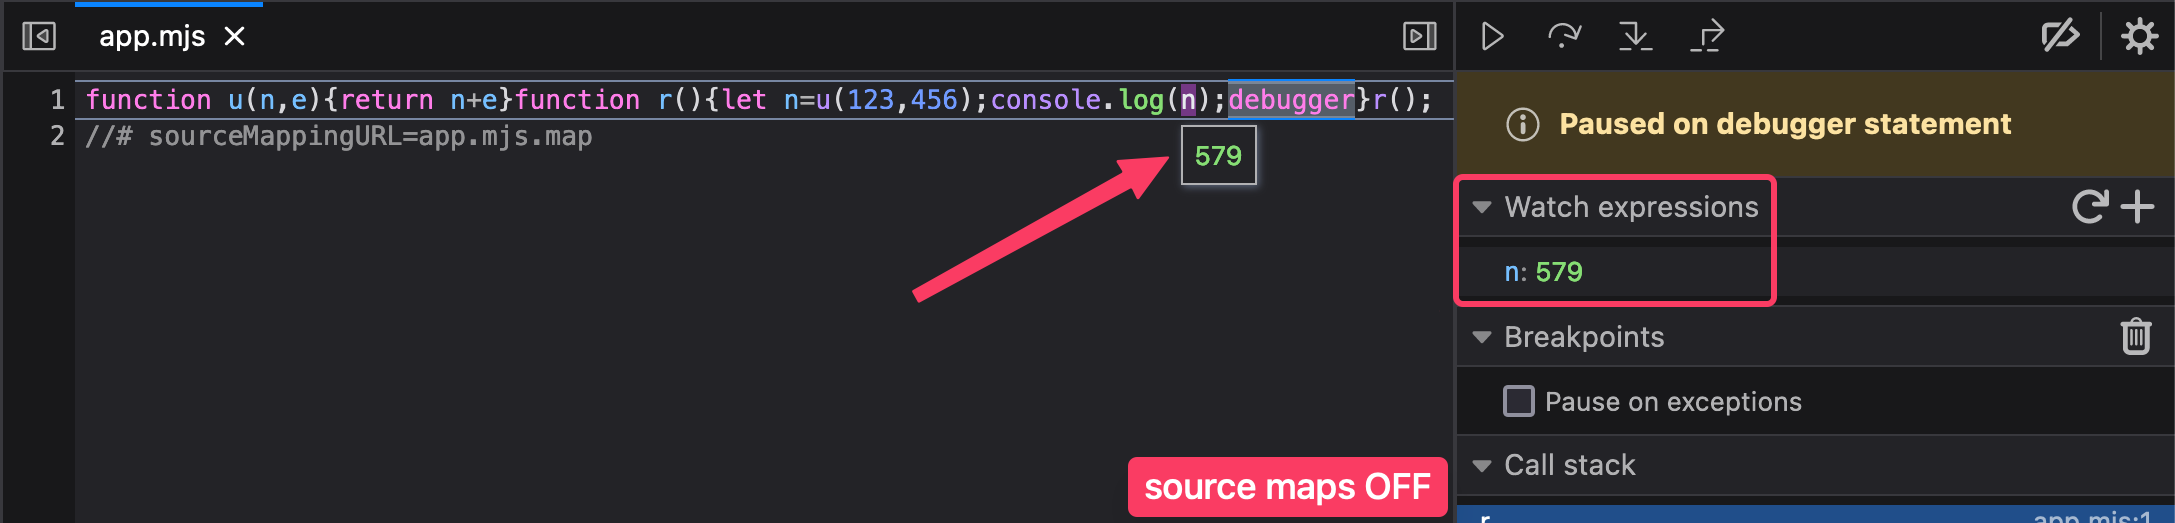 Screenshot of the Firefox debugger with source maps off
--
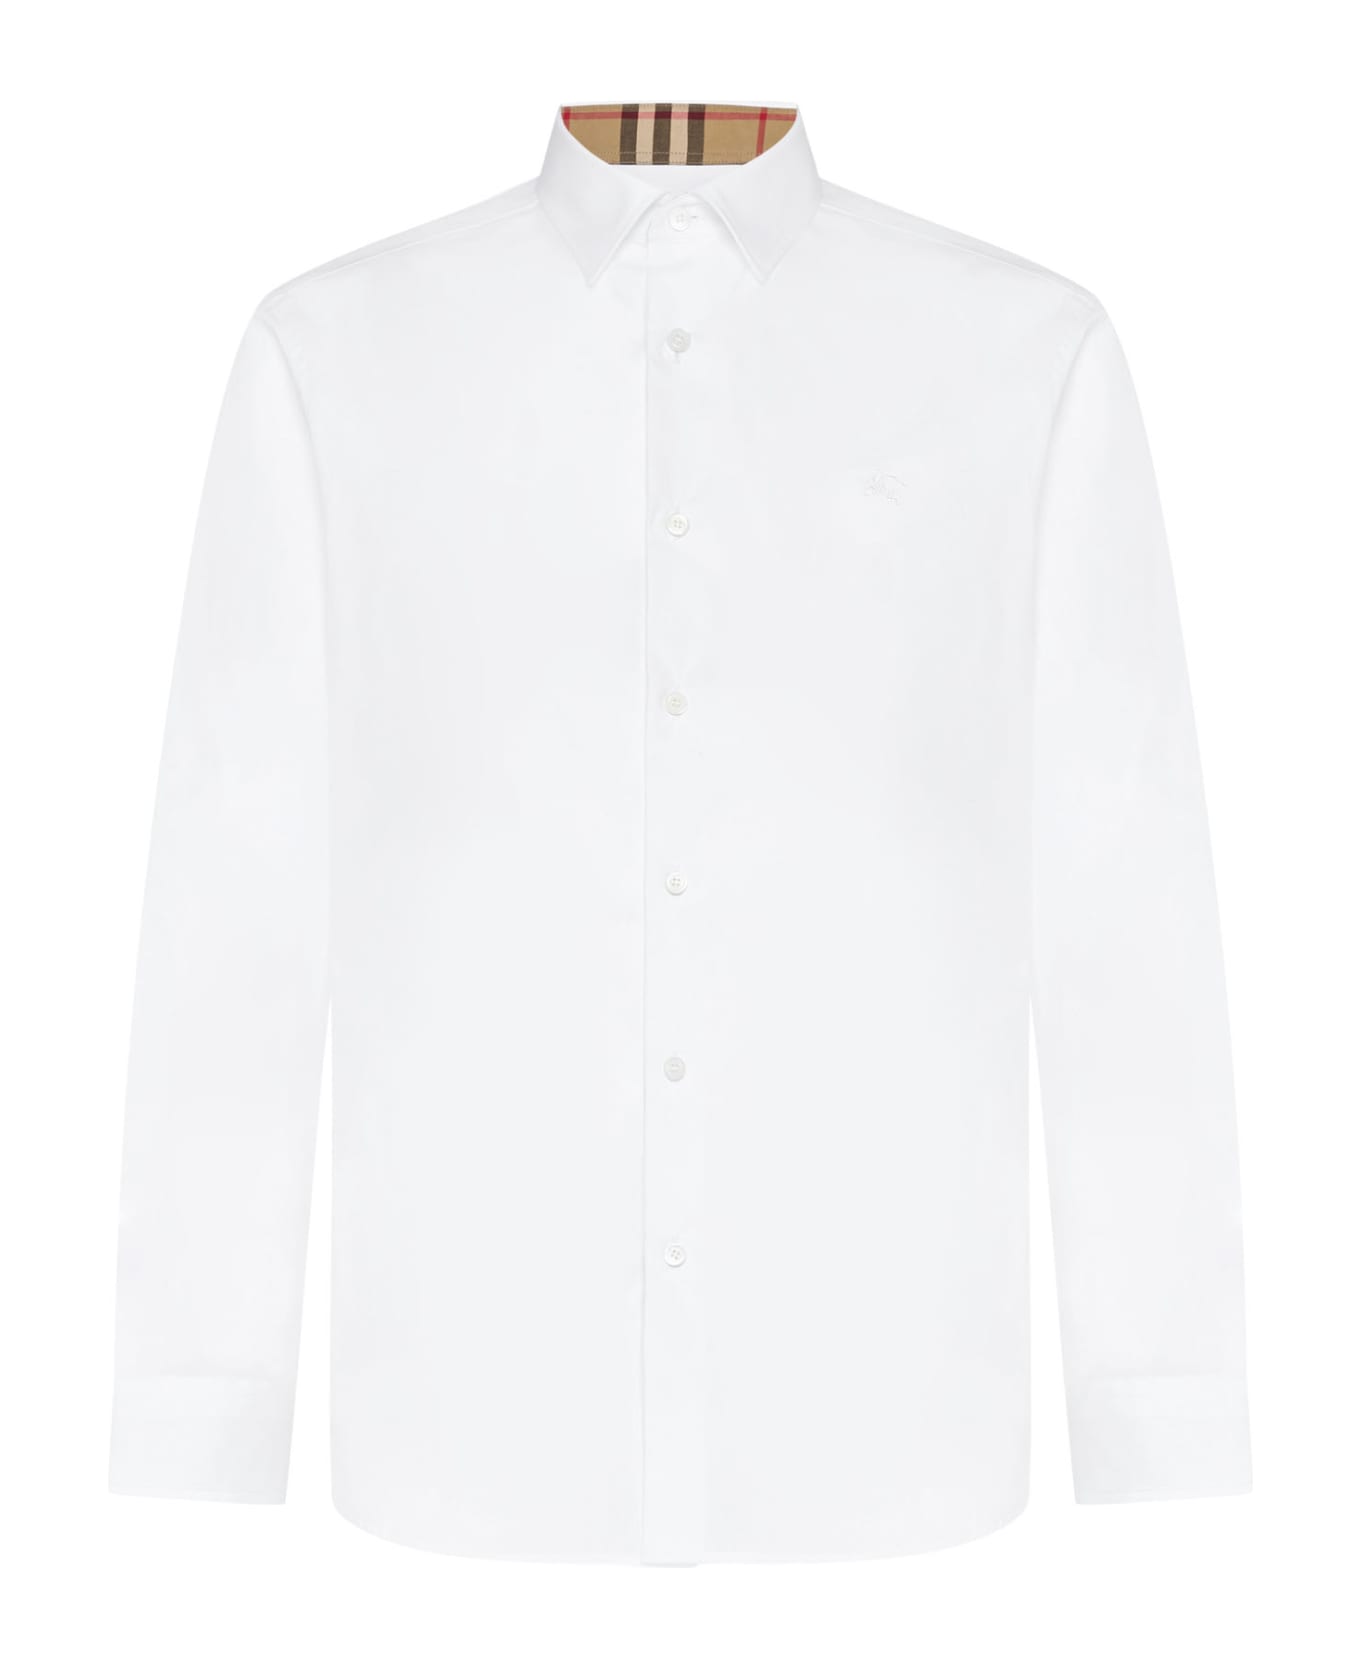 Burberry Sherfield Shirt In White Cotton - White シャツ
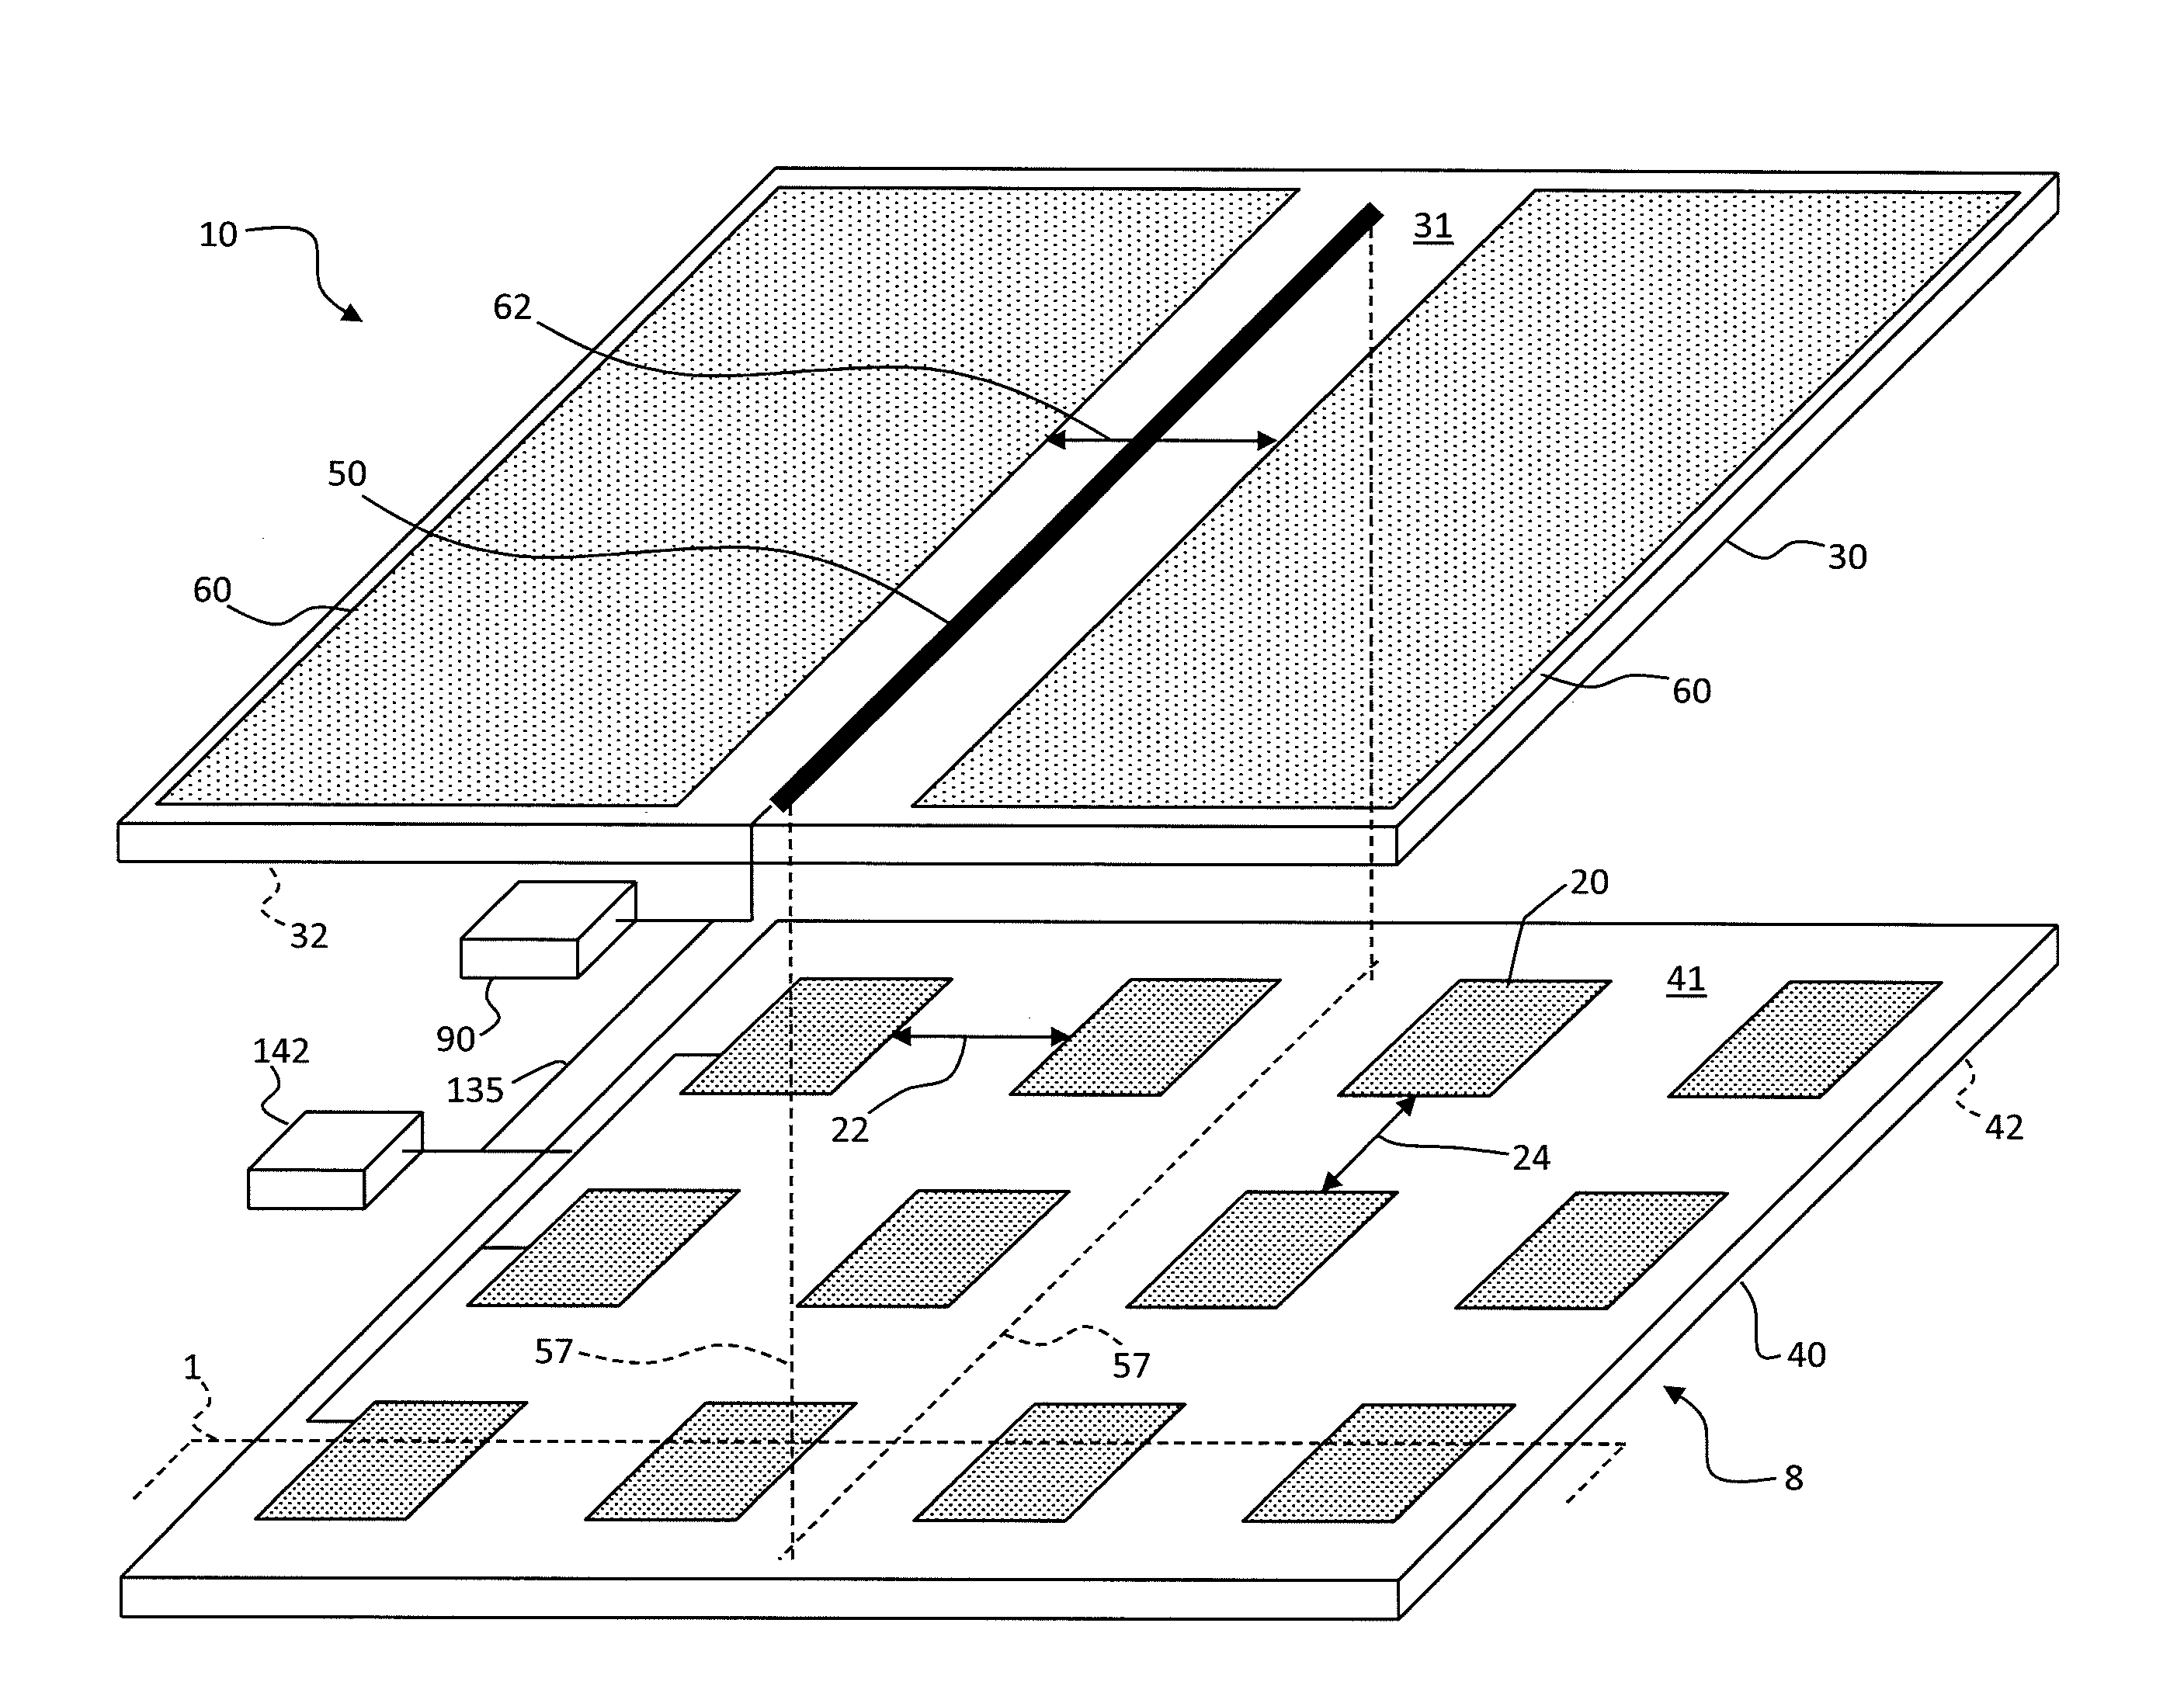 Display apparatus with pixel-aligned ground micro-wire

## EXERCISE
Start at the line containing "Burberry Sherfield Shirt" above and stop at the line containing "Display apparatus with". Output those lines exactly, both included, but none of the pictures.

## YOUR RESPONSE
 Burberry Sherfield Shirt In White Cotton - White シャツ
 Display apparatus with pixel-aligned ground micro-wire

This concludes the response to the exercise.